BRIEF DESCRIPTION OF THE DRAWINGS

[0021] The above-mentioned objects and the features of the present invention will be made more apparent by describing the preferred embodiment of the present invention in detail referring to the appended drawings, in which:

[0022]FIG. 1 is a front view, in partial cutaway, showing an upright type vacuum cleaner according to a preferred embodiment of the present invention;

[0023]FIG. 2 is a block diagram schematically showing one example of the main aspect of the present invention, i.e., a multi-layered electrolytic device and connecting pipes thereof;

[0024]FIG. 3 is a block diagram schematically showing the multi-layered electrolytic device according to a preferred embodiment of the present invention; and

[0025]FIG. 4 is an exploded perspective view showing the structure of the multi-layered electrolytic device according to the present invention.

DETAILED DESCRIPTION OF THE PREFERRED EMBODIMENTS

[0026] The objects and other characteristics of the present invention will be made more apparent by describing the preferred embodiments with reference to the accompanying drawings.

[0027] As shown in FIG. 1, an upright type vacuum cleaner according to a preferred embodiment of the present invention is constructed in a manner such that a cleaner body 10 and a suction brush 20 are movably connected with each other to be rotated at a predetermined angle relative to each other, and a multi-layered electrolytic device 30 is formed in the cleaner body 10.

[0028] An operator of the vacuum cleaner performs the cleaning job while moving the cleaner by a grip 11 that is formed on the upper portion of the cleaner body 10. Accordingly, dirt or dust are drawn into the cleaner body 10 through the suction brush 20, which moves along the surface to be cleaned, such as a floor. Albeit not shown in detail, in the cleaner body 10, there are a driving portion that provides a suction force and also a contaminant receptacle. Accordingly, contaminants drawn in through the suction brush 20 are collected in the contaminant receptacle, while the clean air is discharged to the outside.

[0029] The multi-layered electrolytic device 30 electrolyzes the electrolyte and jets such electrolyzed solution as a cleaning solution for removing the tough stains on the floor or the contaminants on the carpet, upholstery, etc. By the chemical action with the electrolyte, stains or contaminants are effectively removed. According to the present invention, an electrolyte is used as a cleaning solution instead of conventional detergents. Accordingly, many problems that arise while using of detergents can be prevented, and maintenance cost is reduced. Also, no blockage of the path of the cleaning solution occurs.

[0030] Referring to FIGS. 2 and 3, the multi-layered electrolytic device 30 is mounted inside of the cleaner body 10 (FIG. 1), and includes an electrolyzing portion 310 that carries out electrolysis with the supplied water, an electrolyzed solution jetting portion 330 for jetting the electrolyzed solution from the electrolyzing portion 310 to the surface to be cleaned through the suction brush 20, and a waste water collecting portion 340 for recovering and storing the used electrolyzed solution and the contaminants migrated from the surface to be cleaned therein.

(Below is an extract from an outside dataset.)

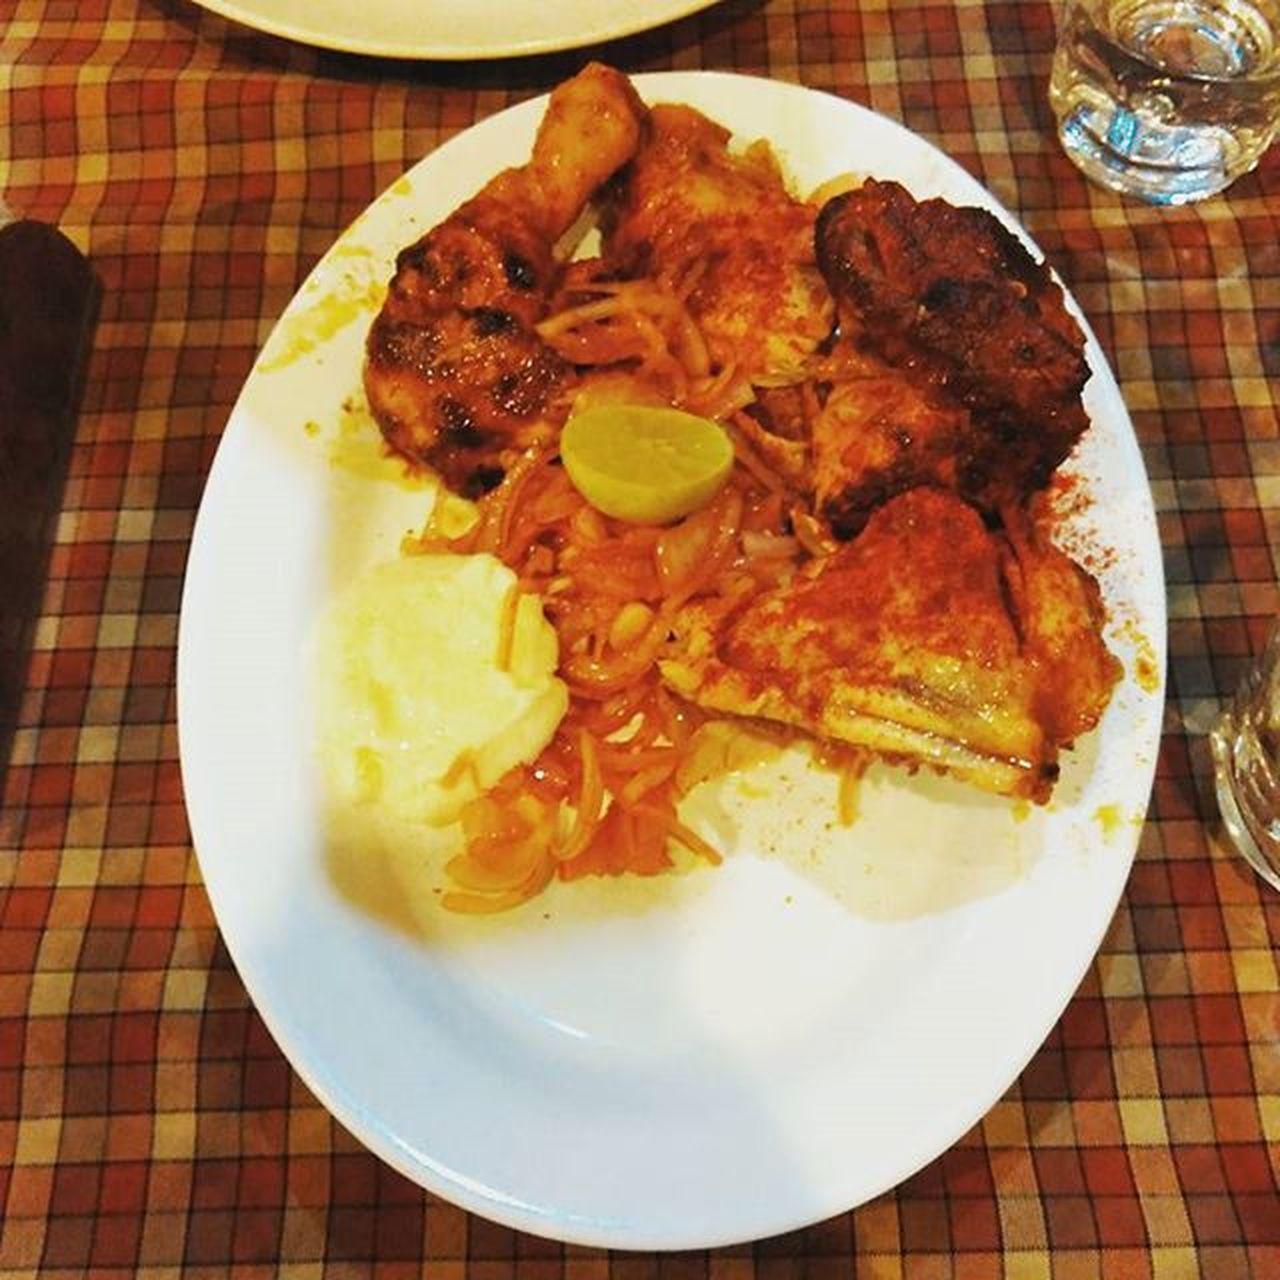 Dinner Chickengrill Newyear2016 Igfood BrigadeRoad Bangalore Bangalorediaries Foodie Ig_bangalore Ig_india
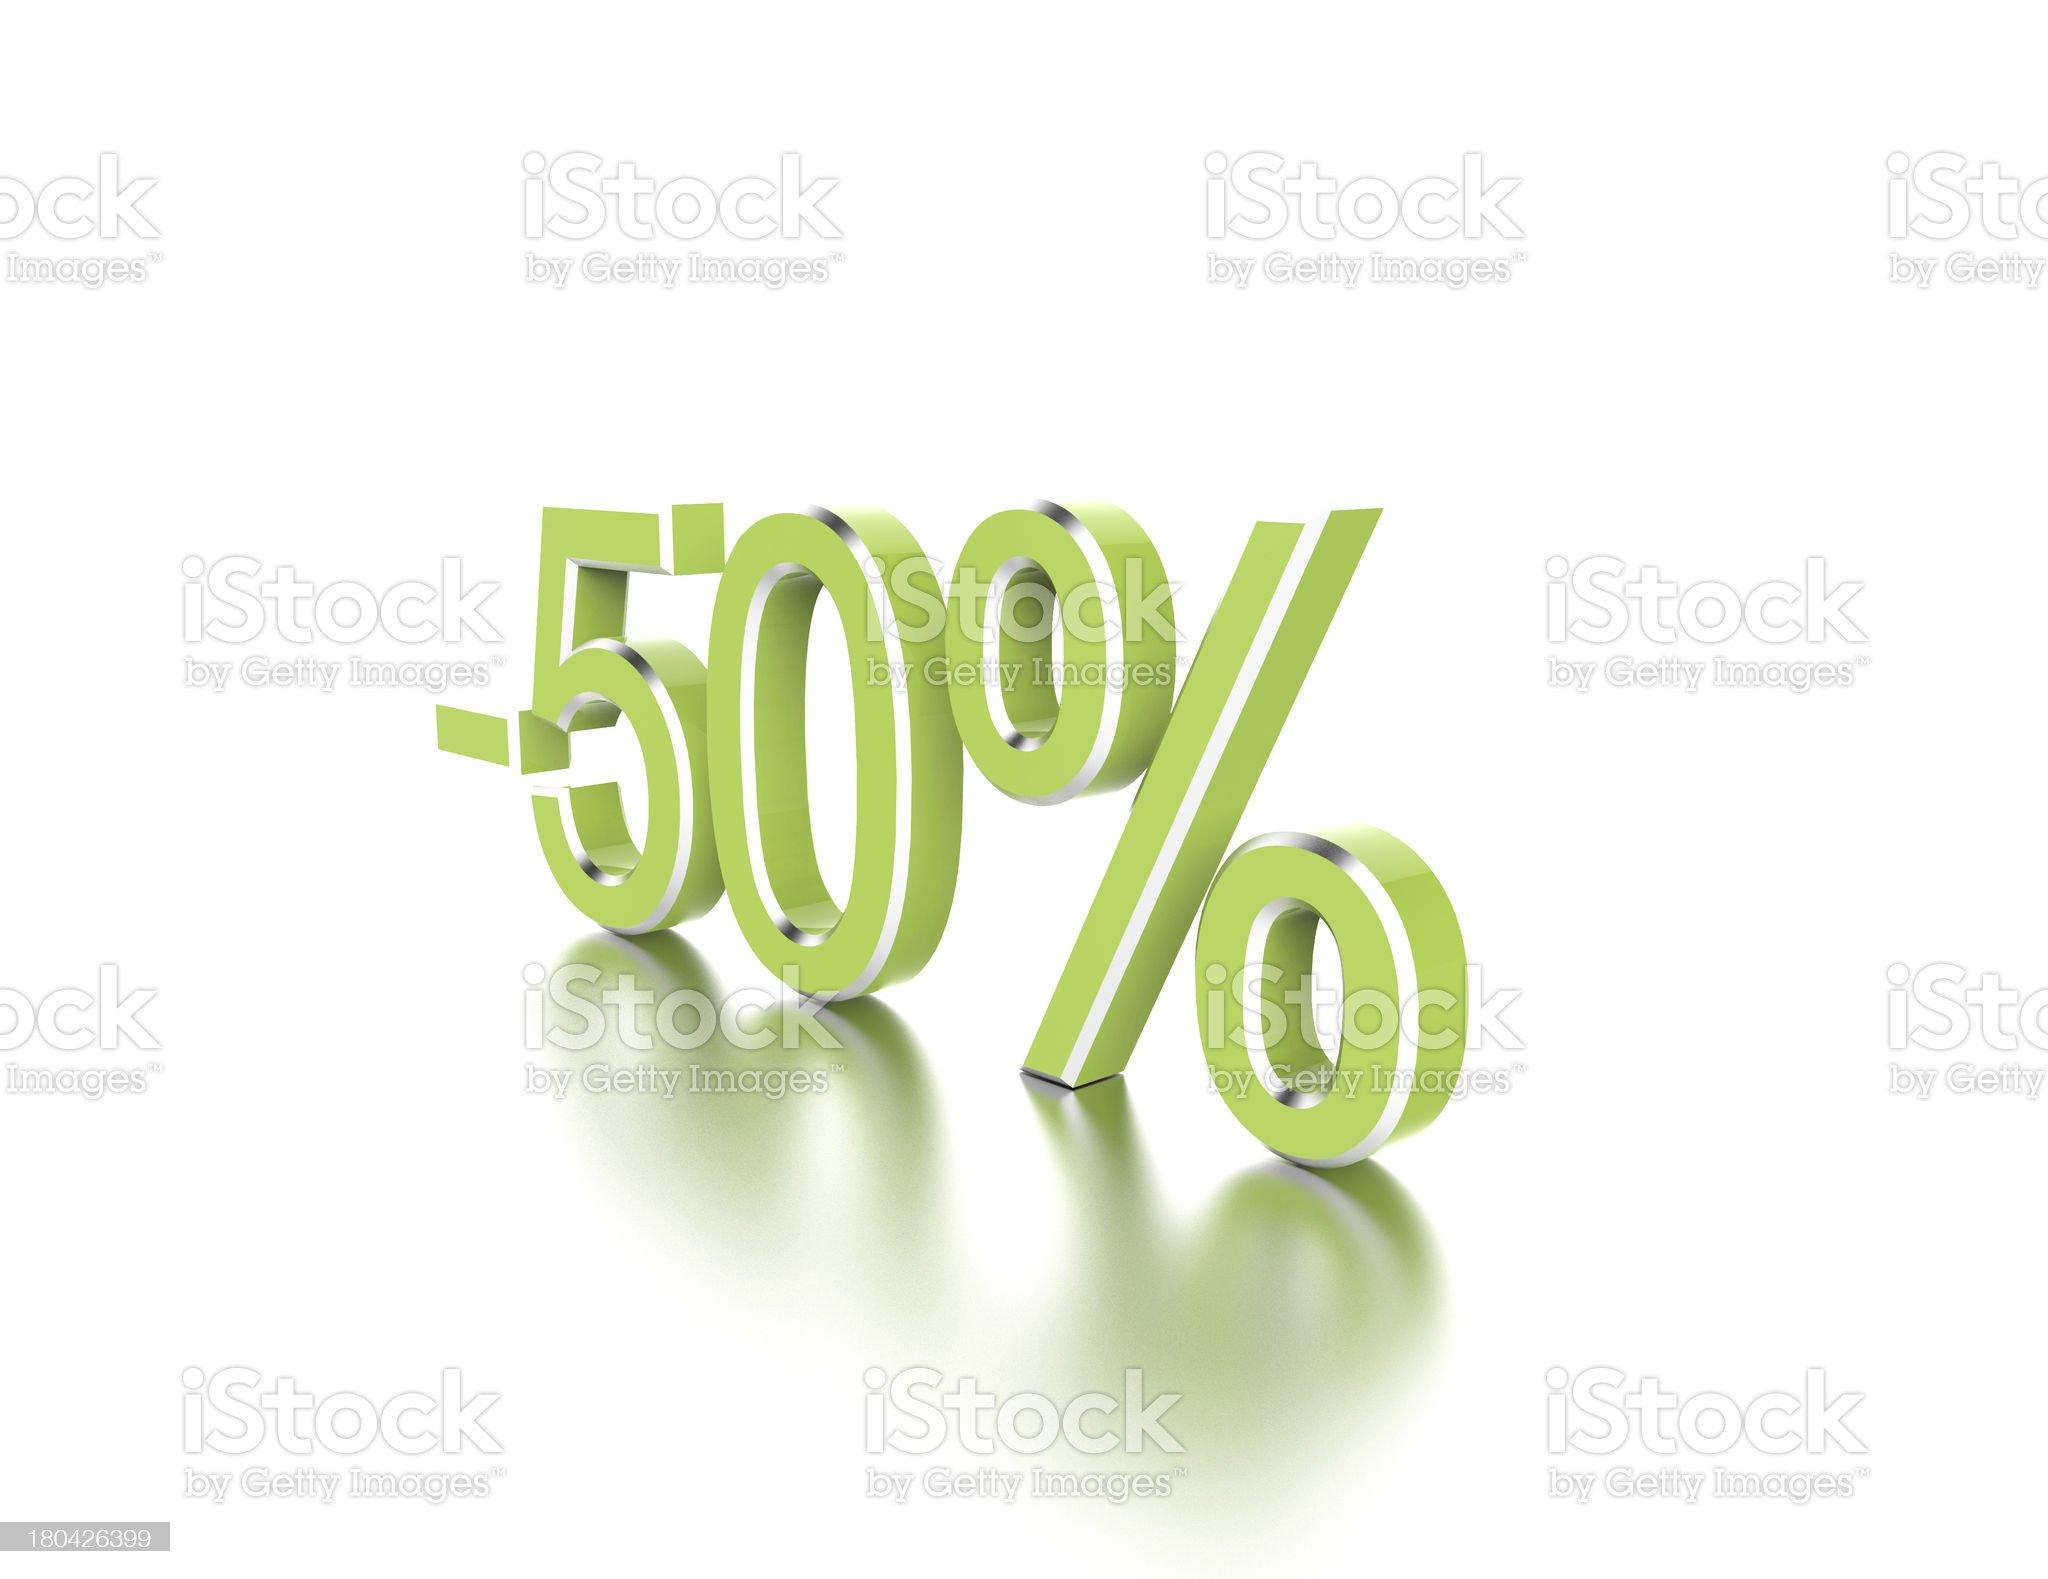 -50% royalty-free stock photo

[0031] The electrolyzing portion 310 includes a water tank 311 mounted on the upper side of the cleaner body 10, a first electrolyzing tank 312 and a second electrolyzing tank 313 connected in series to subject the water from the water tank 311 to electrolysis in at least two stages, and an electrolyzed solution storage tank 314 for temporarily storing the electrolyzed solution discharged from the first and the second electrolyzing tanks 312, 313.

[0032] According to the preferred embodiment of the present invention, the electrolyzing portion 310 further includes an additive tank 315 arranged downstream of the water tank 311, and a mixing tank 316 for mixing and diffusing the additives of the additive tank 315 in the water from the water tank 311.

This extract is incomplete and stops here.